An architectural marvel at Keluvathur
Exquisite carvings on the pedestal of the dwajasthambam.
THE SHORE temple of Mahabalipuram built by Rajasimha Pallava during the eighth century A.D. is an architectural marvel of Tamil Nadu. The contribution of the Pallavas to the field of temple art is noteworthy. In the initial stages, the Pallavas were inclined to building only monolithic structures. Later, they started constructing temples which included the shore temples of Mahabalipuram and Kailasanathar temple of Kanchipuram. The Cholas followed the footsteps of Pallavas and adopted their techniques. But they differ from the Pallavas in the construction of the Vimanas. The Vijayanagara kings and the Nayaks followed the Chola tradition. But one can find subtle differences in the ornamentation.
A temple in Keluvathur has a small vimana like mandapa for Nandi, known as rishaba, which is similar to the vimana of the shore temple of Mahabalipuram.
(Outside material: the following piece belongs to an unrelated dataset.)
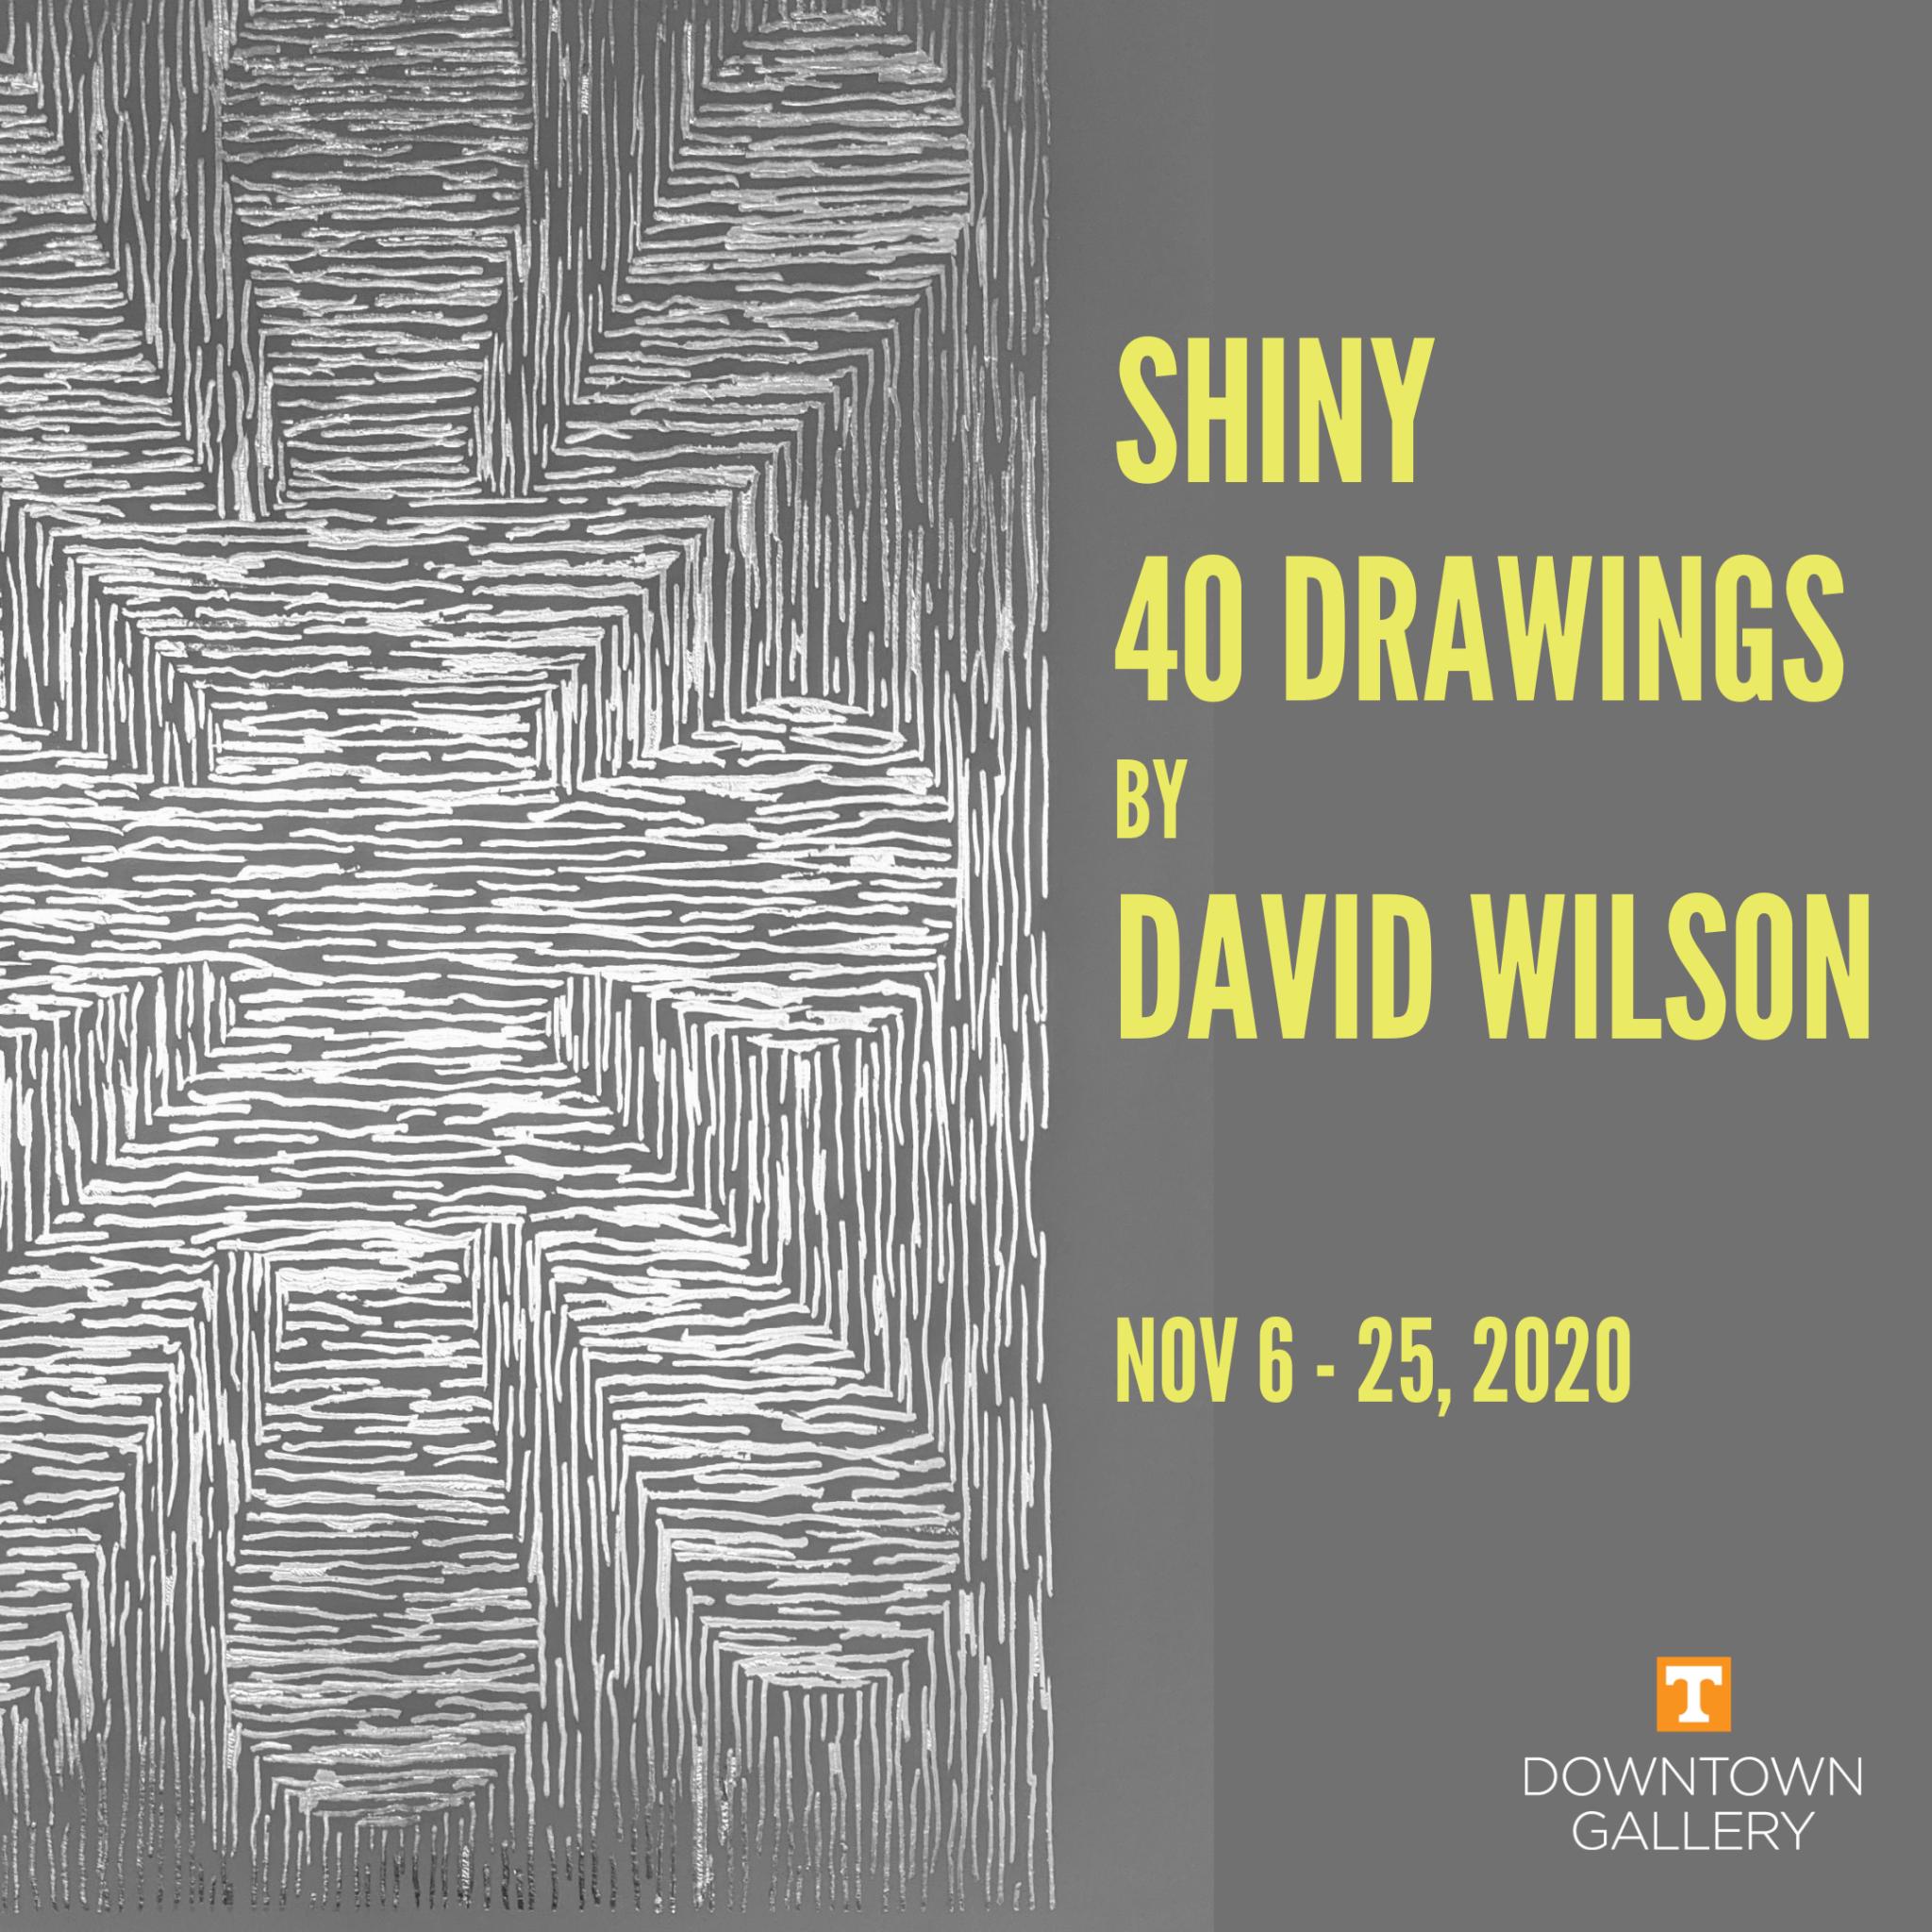 Shiny – 40 Drawings by David Wilson
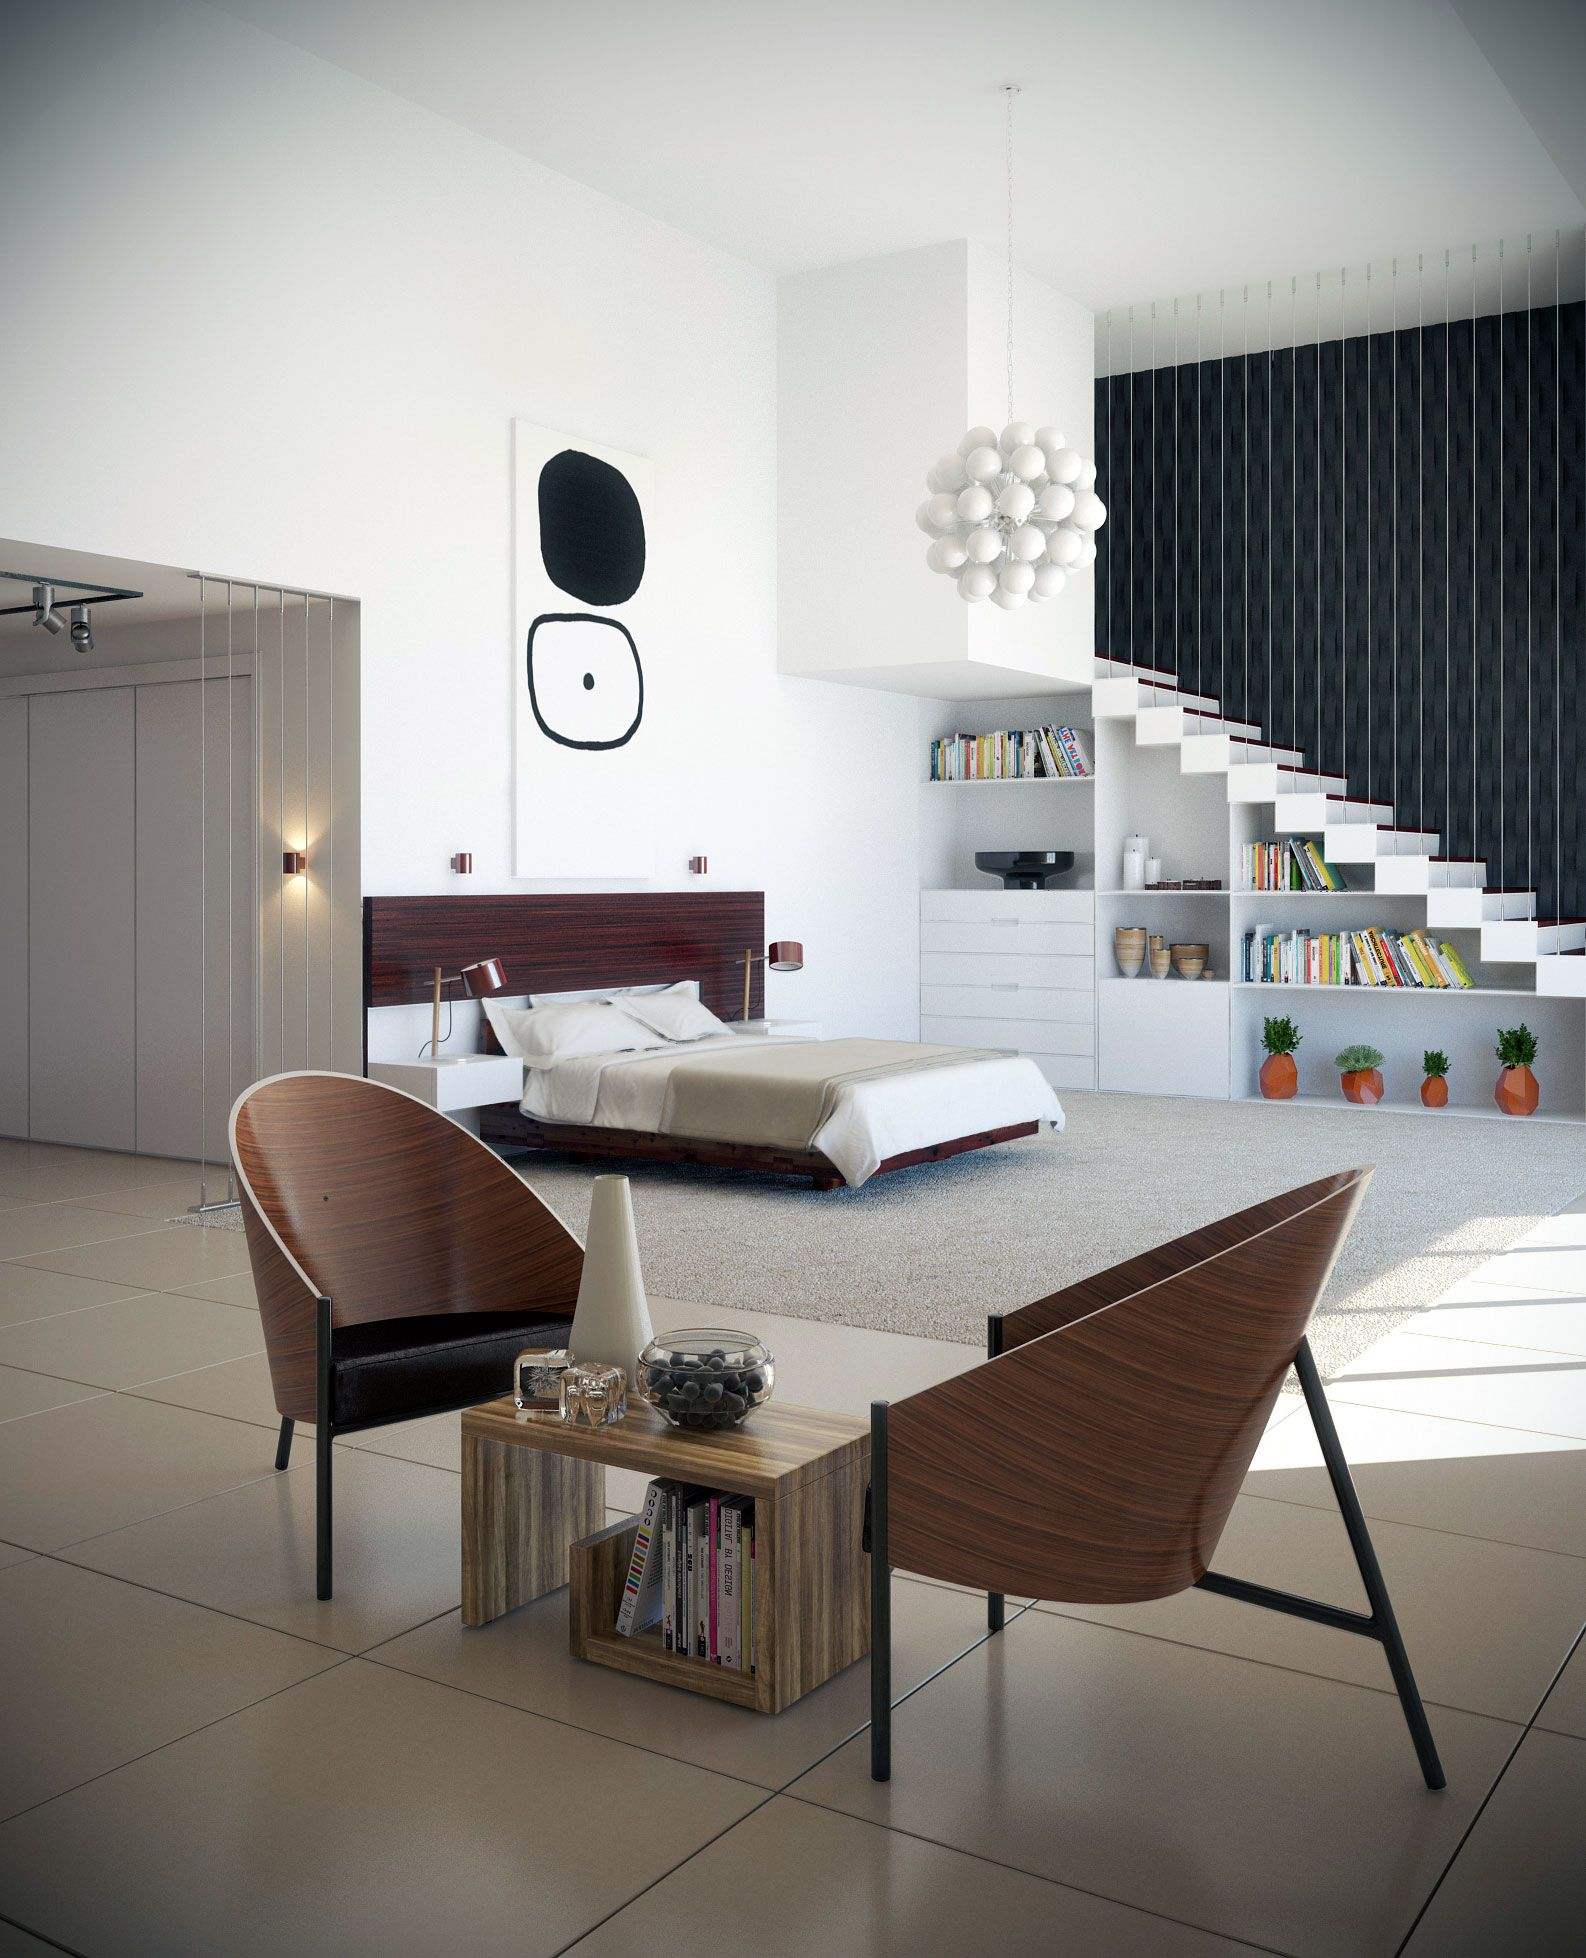 20 Modern Interior Bedroom Ideas For Scandinavian Style In 2020 Bedroom Interior Modern Interior Modern Scandinavian Interior

Keluvathur is a small village situated on the Mannargudi-Muthupet road in Tiruvarur district. While the Korayar flows in the north and east, the Bhamini river is in the west. Keluvathur has a history of more than 1,000 years. The inscriptions of the Big Temple of Thanjavur give more information about the Siva temple of Keluvathur. A staff member of the Thanjavur Big temple belonged to Arumozhideva Valamattu Purangarambai Nattu Keluvathur, according to the inscription.
Lord Siva of Keluvathur temple is known as Jadayupuriswarar. This temple, constructed during the Chola period, was renovated by a Nayak king during 16th century A.D. The king not only renovated the vimanas of Siva and Amman shrines with granites but also constructed other shrines, gopuram, Nandi shrine, dwajasthambam and balipeetam and modified the temple to shine as a repository of fine art.
The mandapam for Nandi with three-tier gopuram.
Beyond the Rajagopuram are the balipeetam, dwasjasthambam and a mandapa made of granite for Nandi with three-tier gopuram, called Rishaba. The structure of this vimana resembles the vimana of the shore temple of Mahabalipuram. Even the sigaram and kalasam are made of granite. The nandi shrine is with the Vimana. These structures were half-buried and have been excavated by the author and the villagers. The excavation brought to light many interesting features.
There are beautiful sculptures of Lord Vinayaka on the four sides of the balipeetam. All the corners of the peetam bear the images of lions. It also has upapeetam, adishtana, etc. The space, on the peetam, for the dwajasthambam, is designed as lotus petals. This is believed to be the best contribution of the Nayak Kings.
The dwajasthambam has beautiful decorations. Also seen are other sculptures, viz., of an elephant (to the east), Agni on a goat (south-east), Yama on a bull and yamadhoota, Nrithi (south-west), Varuna on Mahara (West), Vayu on a deer (north-west), Kubera on a horse (north) and Esanamoorthy on mount rishaba (north-east). More sculptures are found in the adishtana and the four pillars. Ganapathy, Adhikara nandhi, Devi Suyas and Jadayu sculptures are also found. The door jamb of the gopuram and the pillars of the mahamandapam also have attractive images. The Lingam in this mandapa is Sahasralingam. There are also shrines for Muruga, Devi, Surya, Bairava, Ganapathy, Dakshinamoorthy, Lingotbava, Arumuga and other deities. The Lingam in the sanctum sanctorum is of the Chola period and is known as Jadayupuriswarar.